Разумеется, данная формула является логически циркулярной: христианство определяется через христиан, а сами христиане определяются как люди, которые представляют христианство. Однако, при всей критике, которую может вызвать такой циркулярный подход, только он является, как я думаю, способом распутать клубок, который в ином случае должен остаться не распутанной загадкой. Поясню, в чем дело, на обыденном примере. Допустим, поблизости от вашего жительства находится лес, и вас просят определить этот объект. Вы, не будучи ни ботаником, ни географом, ни зоологом, не имеете ни малейшего понятия о том что происходит в лесу и не можете сказать, что составляет его сущность. Единственное, что вы можете сделать в данной ситуации: понятийно определить лес как лес (это именно лес, а не поле, не луг и не речка; равно как христианство - это то, что думают, говорят и делают христиане, а не то что написано как "правильное понятие" в катехизисе вашей церкви, учебнике по догматическому богословию или в очередном научном труде по "истокам христианства"), и второе, что вы можете сделать в этой ситуации: локализовать лес в пространственно-временных координатах. Благодаря последней локализации вы не спутаете ЭТОТ лес с каким-либо иным лесом. В своем историческом становлении и бытии этот лес может претерпевать какие угодно изменения, старые деревья в нем могут вымереть и вырасти новые, старые породы деревьев могут вымереть и вырасти новые виды деревьев, которые никогда раньше в этом лесу не росли - и тем не менее независимо от количества прошедшего времени лес останется именно тем лесом, который вас просили определить как лес поблизости от вашего жительства. При этом лес мог претерпеть даже такие метаморфозы, что знавший его ранее может не узнать его в его нынешнем виде - ваше определение леса через тип и локализацию будет методологически безупречным.


Равно христианство, локализуясь исторически в людях, которые в начале первого столетия приняли учение и практику от Исуса из Назарета и других людей - среды в которой Исус жил и действовал - в дальнейшем стали претерпевать многообразные изменения и метаморфозы, порождая все исторически известные формы христианства, с некоторыми из которых (далеко не всеми) доводилось практически сталкиваться каждому из нас. Определить христианство позитивно, каким то учением, доктриной, набором доктрин, описанием какой-либо практики (литургической, пасторской и прочей) - невозможно. Христианство, это говоря языком математики, не константа (т.е. не постоянная сумма неизменных доктрин, практик), а историческая переменная, текущее значение которой находится в постоянном изменении и глобально не определено. Я не уверен что вообще заданы какие-либо пределы изменениям этой переменной... )))

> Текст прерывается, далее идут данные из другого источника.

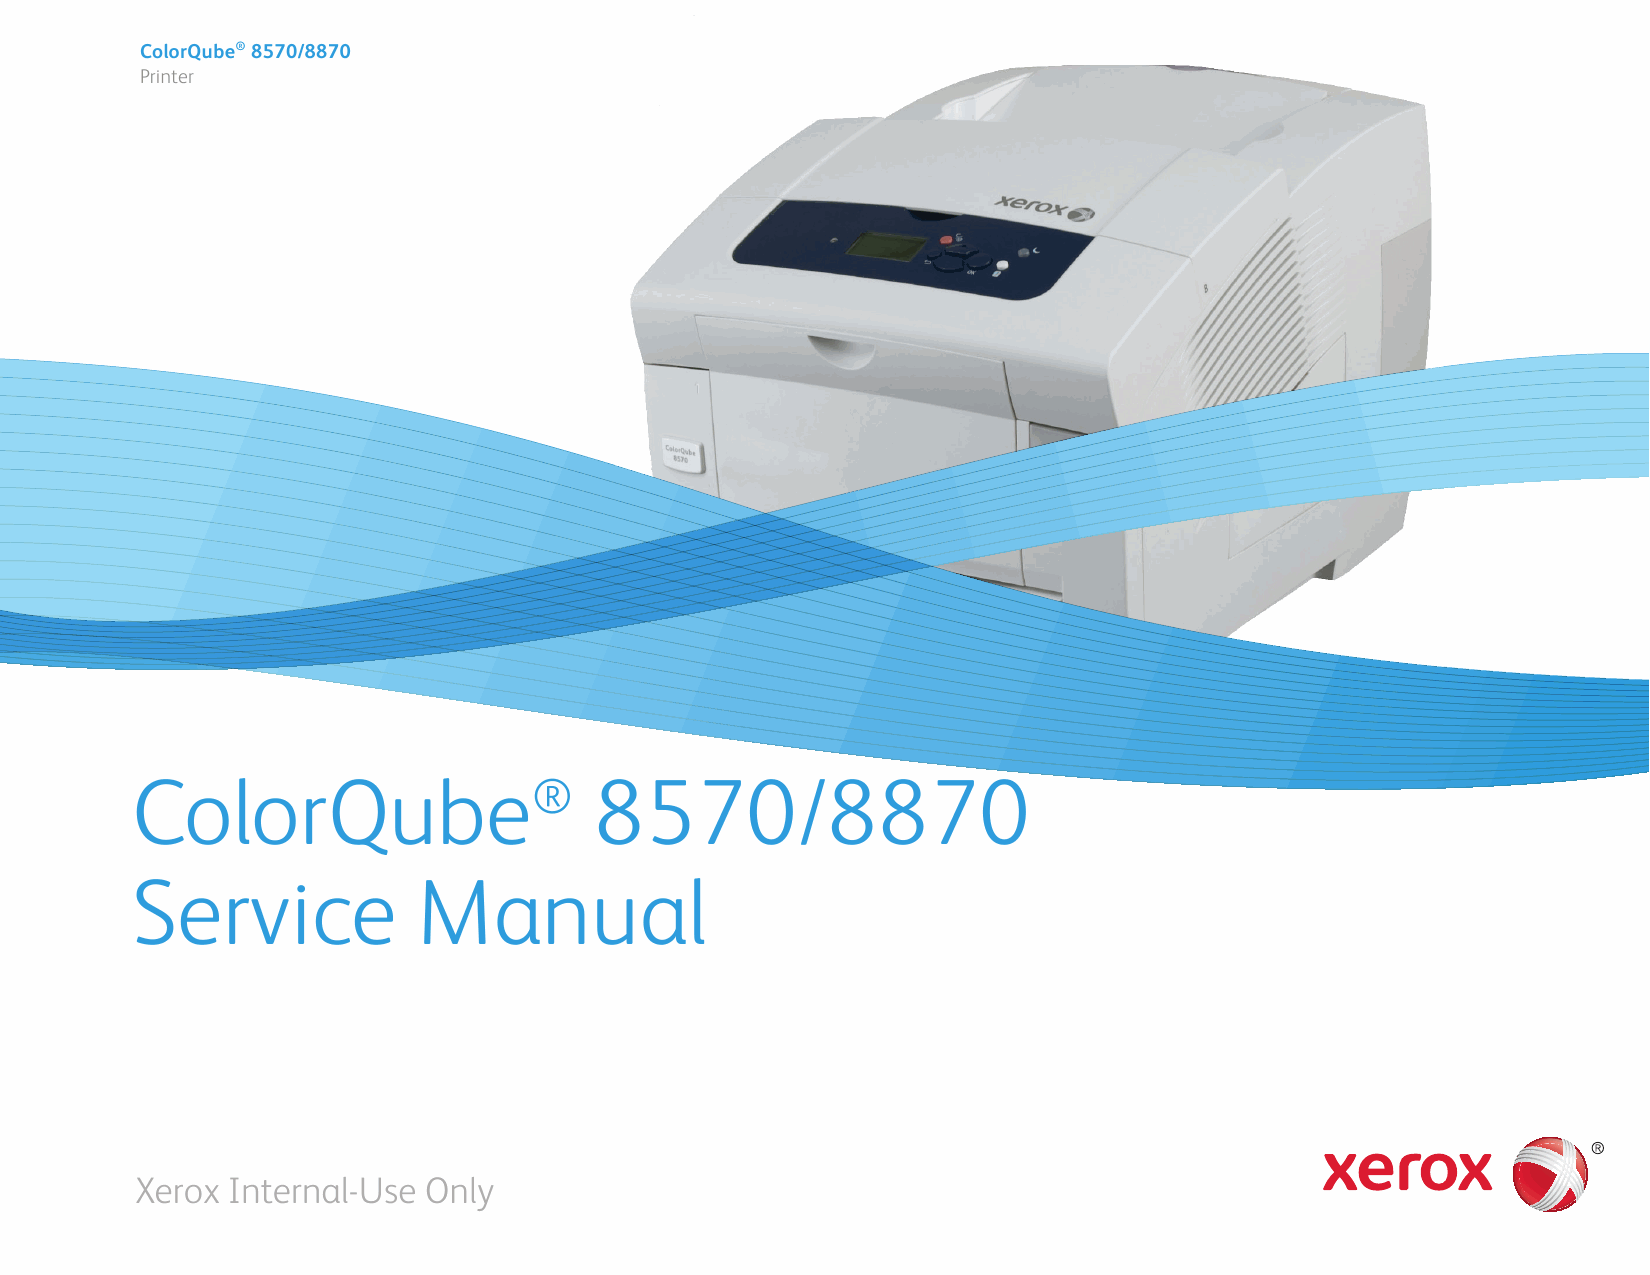 Xerox Printer ColorQube-8570 8870 Parts List and Service Manual-1

Что же придает единство этой переменной, этому рыхлому, исторически изменчивому и текучему многообразию идей и практик, именуемому христианством? Как известно, христианство не замкнуто в среде самих христиан, оно обладает внешним воздействием. Некоторые люди, проживая в христианском окружении или христианских странах, невольно, даже не ставя себе такой цели, усваивают себе кое-что из христианского наследия. Другие люди сознательно заимствуют из христианства нечто, что им нравится или оказывается выгодным. Притом ни первые ни вторые люди вовсе не собираются становиться христианами, т.е. не собираются принимать христианство в его целостности. Для того чтобы такое влияние вовне стало возможно, требуется определенное постоянство христианских идей и практик, а такое постоянство на христианском языке называется "верой". Христианин придерживается своих идей и практик не из-за чувства долга, не по обязанности, а потому что нашел глубокое созвучие этих идей и практик со своим существом, они его "затронули" (это не значит, что "затрагивающее" человека не может меняться со временем, и затрагивающее родителей не всегда затрагивает детей). Именно этим - затронутостью - искренняя вера отличается от лицемерного подражания, и именно верой настоящий христианин отличается от человека, который только называется христианином. Именно вера, а точнее - набор христианских вер - придает христианству единство и целостность как феномену, и одновременно это же многообразие христианских вер раскалывает феномен христианства на несколько (или на множество: кому как))) течений или направлений. Для примера достаточно указать на восточное (православное) и западное (католическое) христианство, каждое из которых многократно менялось исторически, приходя в силу этого либо к резкой вражде и анафематствованию по отношению друг к другу или, напротив, к поиску согласия и точек соприкосновения. Чуть подробнее о сути различия восточного и западного христианства я скажу ниже...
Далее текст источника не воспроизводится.